Steve Fraser was cool and confident, and although he listened carefully he didn’t necessarily believe her. He listened to find the holes in her story.
‘You seem pretty familiar with the place,’ he said, when she told him about remembering the fire extinguisher in the kitchen and using it to slow the fire.
He might be on first-name terms with some of the locals now, but he couldn’t know all the history. ‘When I was a teenager, my uncle worked on the property and we lived in one of the cottages. Paula and I were good friends with Mark. We used to spend a lot of time in the homestead.’
‘The three of you were friends? But you didn’t go into Birraga with them on the night of the accident?’
‘No, I didn’t.’ Clear and truthful, and she could give him a legitimate reason why, even if she kept the real reason to herself. ‘A friend of Paula’s was playing in a band at the Royal Hotel and she wanted to see him. I wasn’t eighteen, and anyway, I had other things to do.’
‘Did you see them before they left?’
She recognised the real question: Did she know if Mark had been drinking? ‘No.’ Another truthful answer. ‘I saw him about five o’clock that afternoon. But I was out when he came to pick up Paula around eight o’clock.’ Out on purpose. Sitting by her mother’s grave in the Dungirri cemetery, walking home afterwards in the last light of the long summer day.
‘You lived with Mick and
his wife?’
‘Yes. They were my guardians after my parents died.’
Fraser grimaced in a show of silent sympathy. Clearly he knew Mick. ‘Why Mick and not Jim?’

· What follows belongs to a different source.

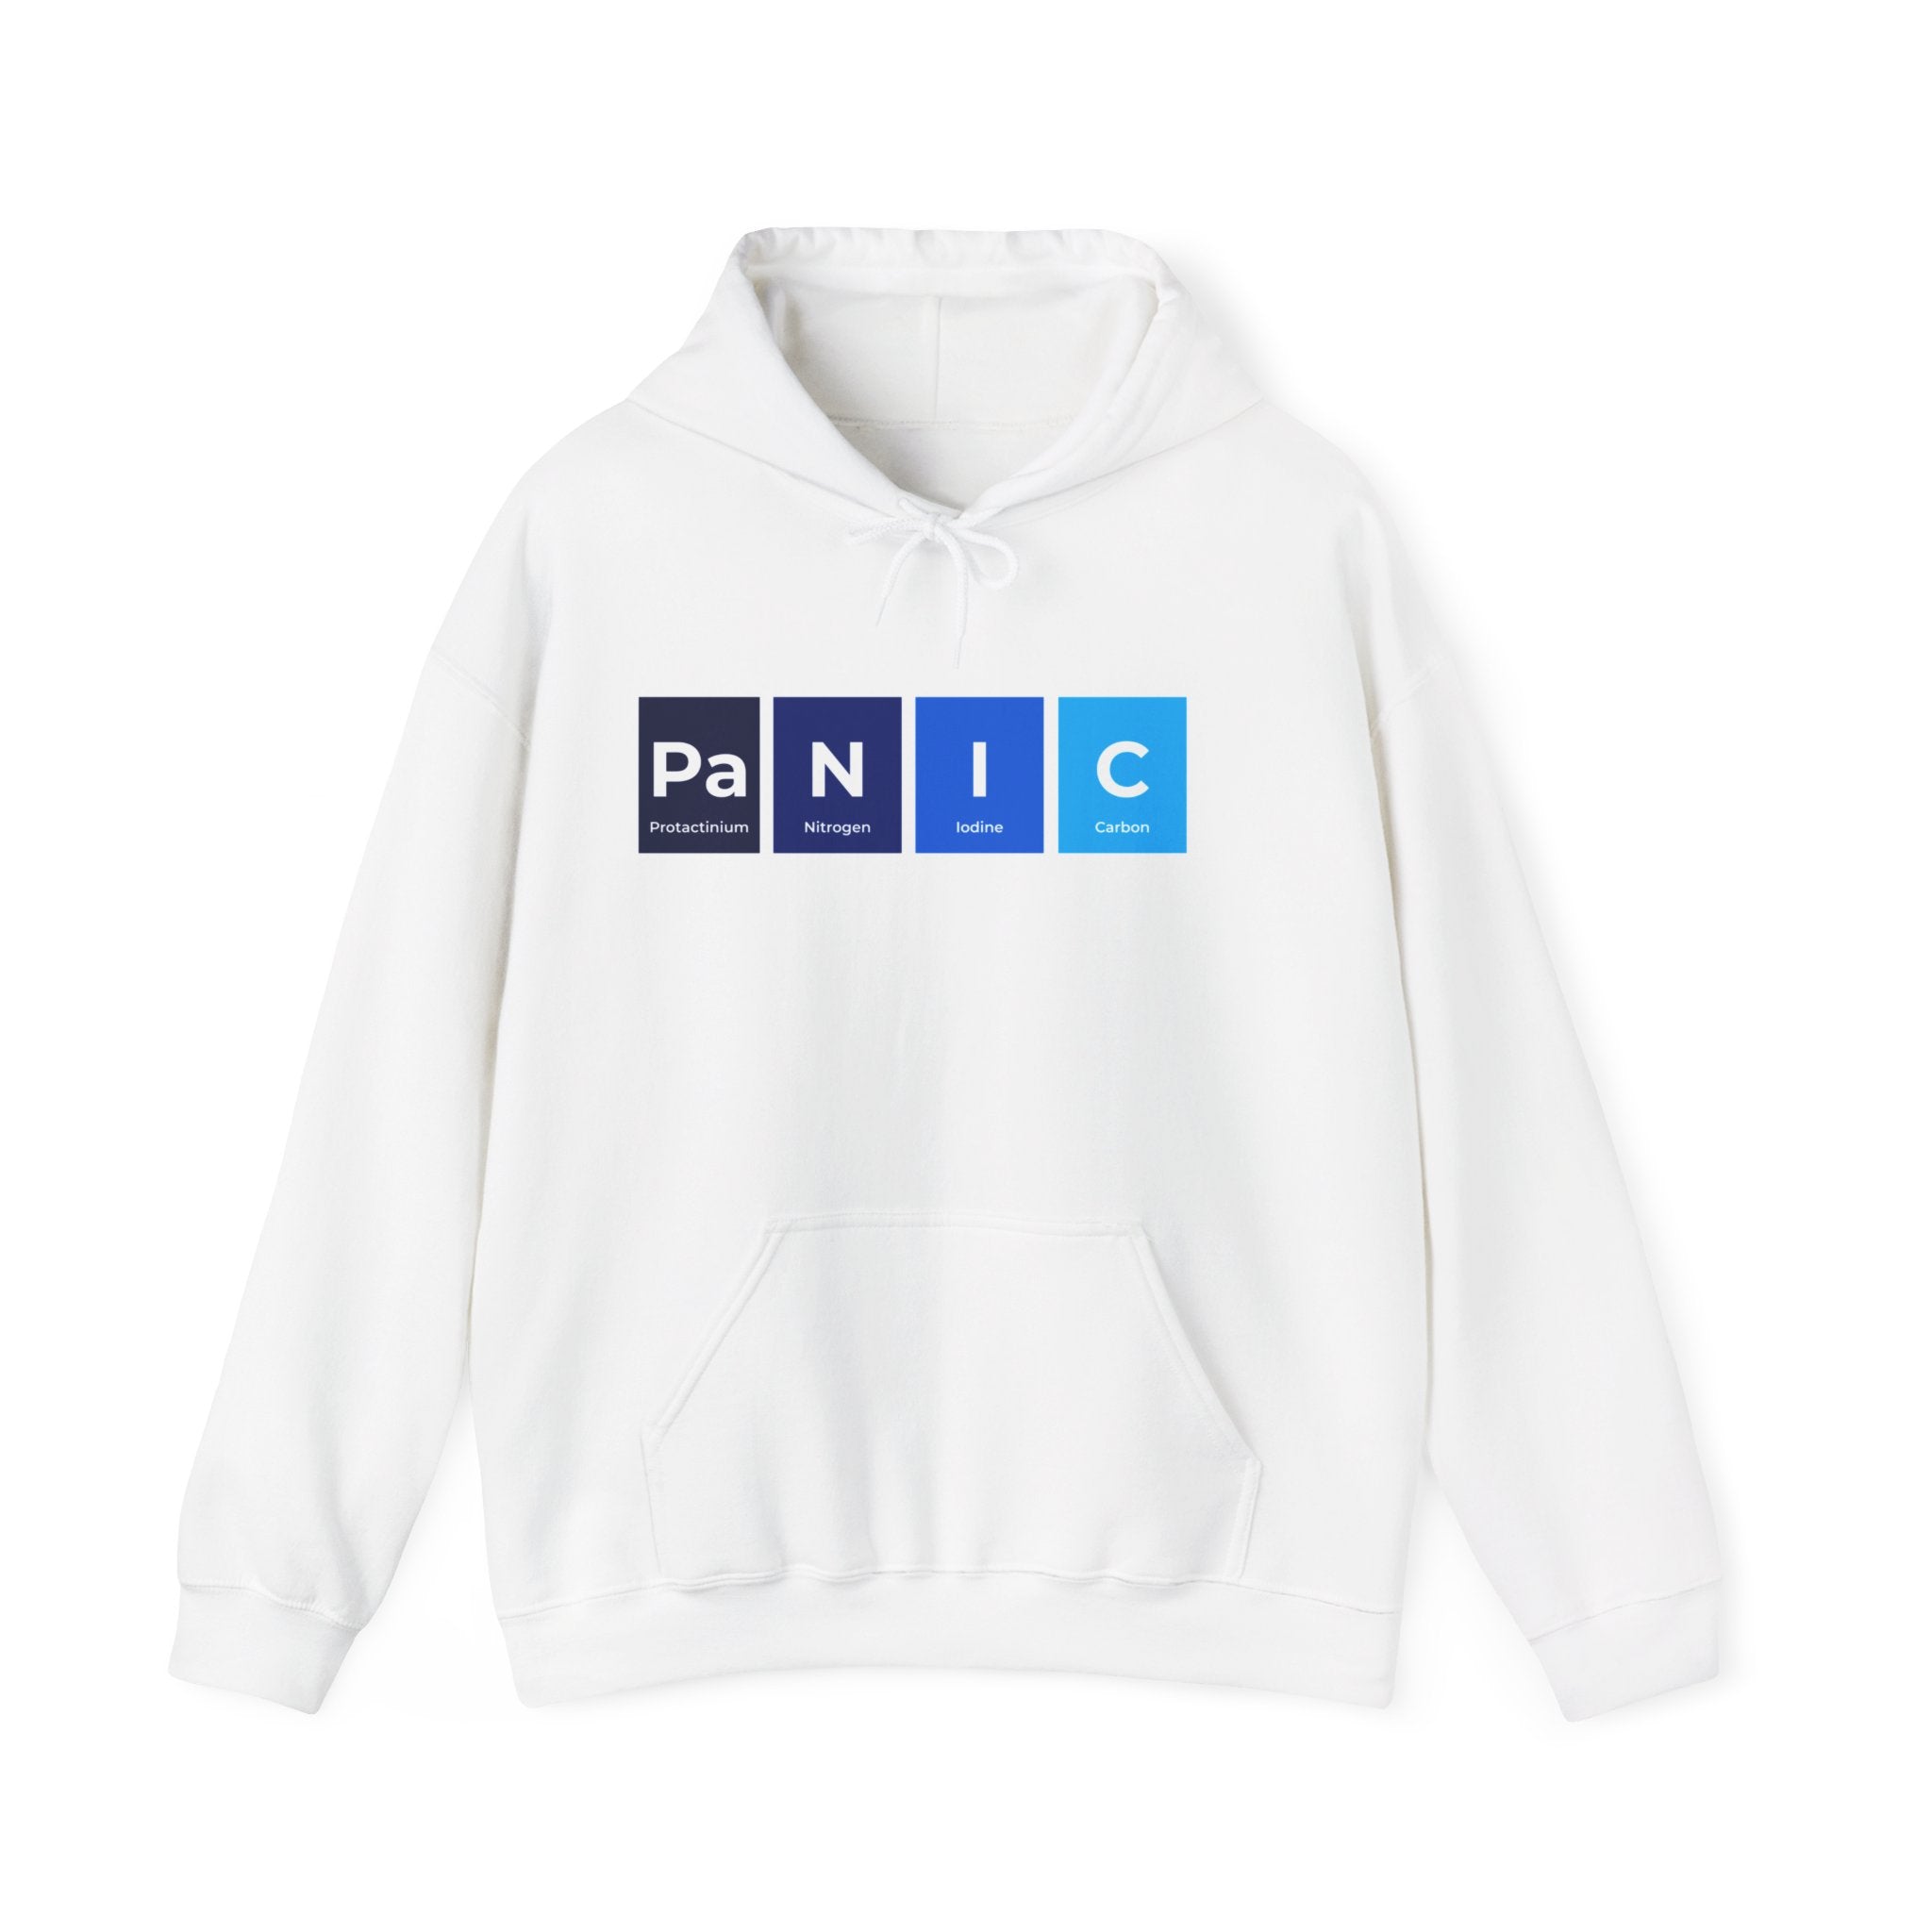 Pa-N-I-C - Hooded Sweatshirt featuring the text "PaNIC" styled as periodic table elements: Protactinium (Pa), Nitrogen (N), Iodine (I), and Carbon (C) on the front. This wardrobe essential combines fashionable designs with a clever twist for a unique look.

The explanation she’d been given, time and again, remained carved in her memory. ‘A single father with two teenage sons was not considered a suitable placement for a twelve-year-old girl.’
‘Was Mick as wrecked then as he is now?’
More sympathy, or a leading question to assess her and establish her history in the district? ‘I haven’t seen or spoken to him since I left Dungirri after Paula’s funeral. I’d have described him then as a bitter non-achiever who blamed his lack of success on everyone and everything but his own weaknesses.’
Damn it, a little more emotion there than she’d intended to reveal. Yes, she was bitter, too. But she’d left it mostly behind her, hadn’t let it hold her back from achieving her goals.
Fraser had to have noticed, but kept his expression bland. ‘What about Mick’s wife? I’ve not heard much about her.’
‘Shotgun wedding, hopeless marriage,’ Jenn answered without emotion. ‘Doctor Russell had half the women in Dungirri doped to oblivion on anti-depressants, and Freda was one of them. Paula remembered her when she was younger, more together, but I only knew her as a vague, absent woman. She died some years ago.’ Unmourned, as far as Jenn was concerned. She’d sent flowers to the funeral out of respect for Paula’s memory. That was it. She shoved away the unexpected spike of old anger and pinned the detective with a firm gaze. ‘I don’t see how these questions are relevant to your current investigation, Detective.’